Summary
Adobe Inc. (ADBE) has filed an 8-K report on October 18, 2018, detailing the execution of two significant credit agreements on October 17, 2018. The company entered into a new five-year, $1 billion senior unsecured revolving credit facility, replacing its previous agreement. This new facility provides enhanced financial flexibility and can be expanded by an additional $500 million. Additionally, Adobe secured a senior unsecured term loan of up to $2.25 billion. The primary purpose of the term loan is to finance a portion of the acquisition of Milestone Topco, Inc., the indirect parent of Marketo, Inc., and associated fees. This move underscores Adobe's commitment to its strategic growth initiatives, particularly through acquisitions. Both credit agreements include standard covenants and events of default, with the revolving facility featuring a financial covenant requiring Adobe to maintain a maximum leverage ratio of 3.00:1.00.
Key Highlights
- 1Adobe Inc. established a new five-year, $1 billion senior unsecured revolving credit facility, replacing a prior agreement.

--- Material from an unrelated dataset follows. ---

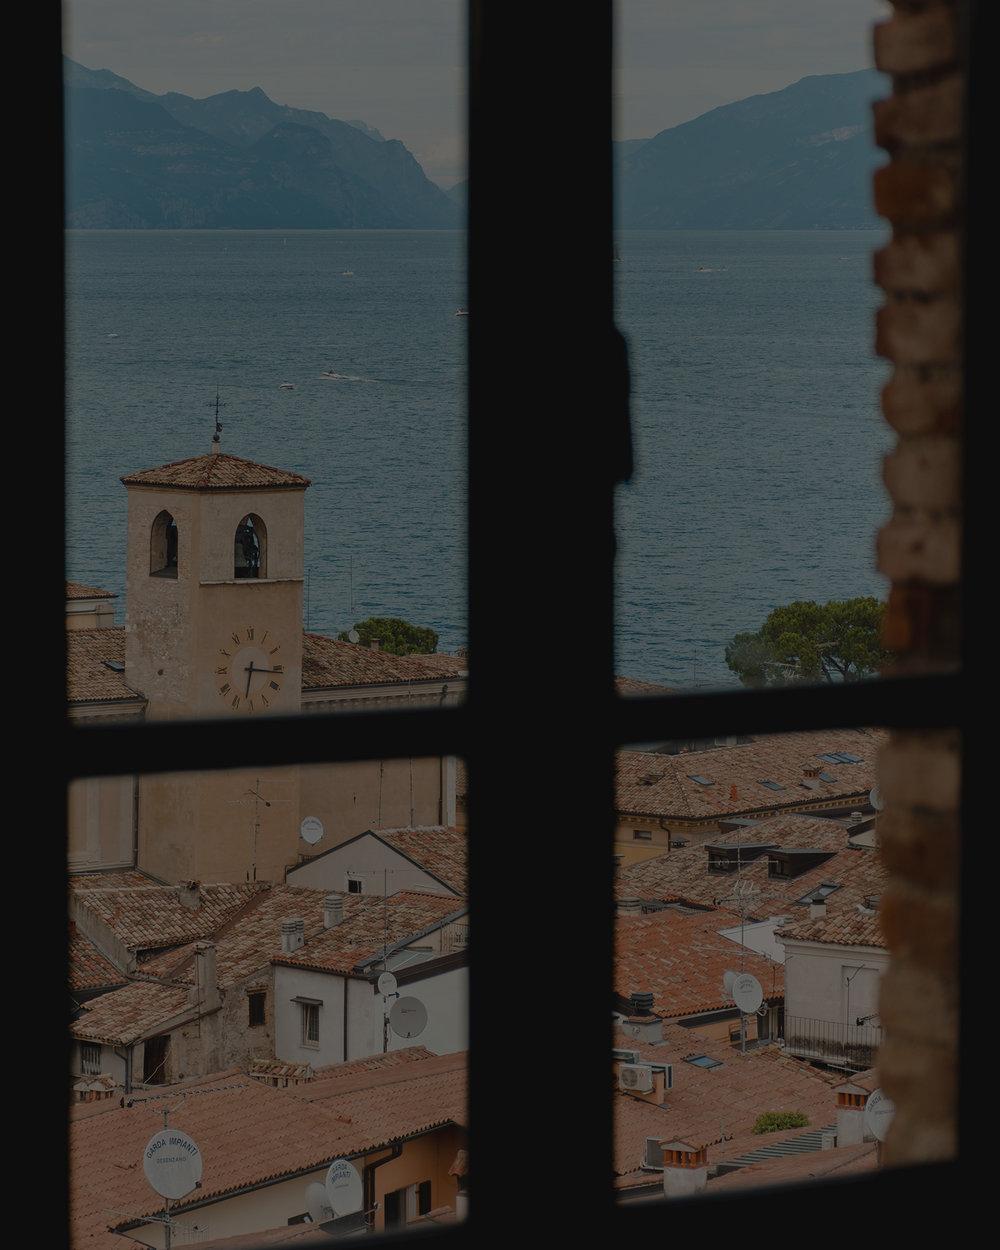 SOLD OUT!!!ITALY~LOMBARDY: MILAN, LAKE COMO, FRANCIACORTA, & LAKE GARDA -

- 2The new revolving credit facility has the potential to be expanded by up to an additional $500 million, bringing the total commitment to $1.5 billion.
- 3A new senior unsecured term loan of up to $2.25 billion was secured.
- 4The term loan is intended to fund a portion of the acquisition of Milestone Topco, Inc. (indirect parent of Marketo, Inc.) and related expenses.
- 5Both agreements feature variable interest rates based on LIBOR or a Base Rate plus a margin determined by Adobe's debt ratings.
- 6The revolving credit facility includes a financial covenant limiting the maximum leverage ratio to 3.00:1.00.
- 7The prior revolving credit agreement was terminated without outstanding borrowings or termination penalties.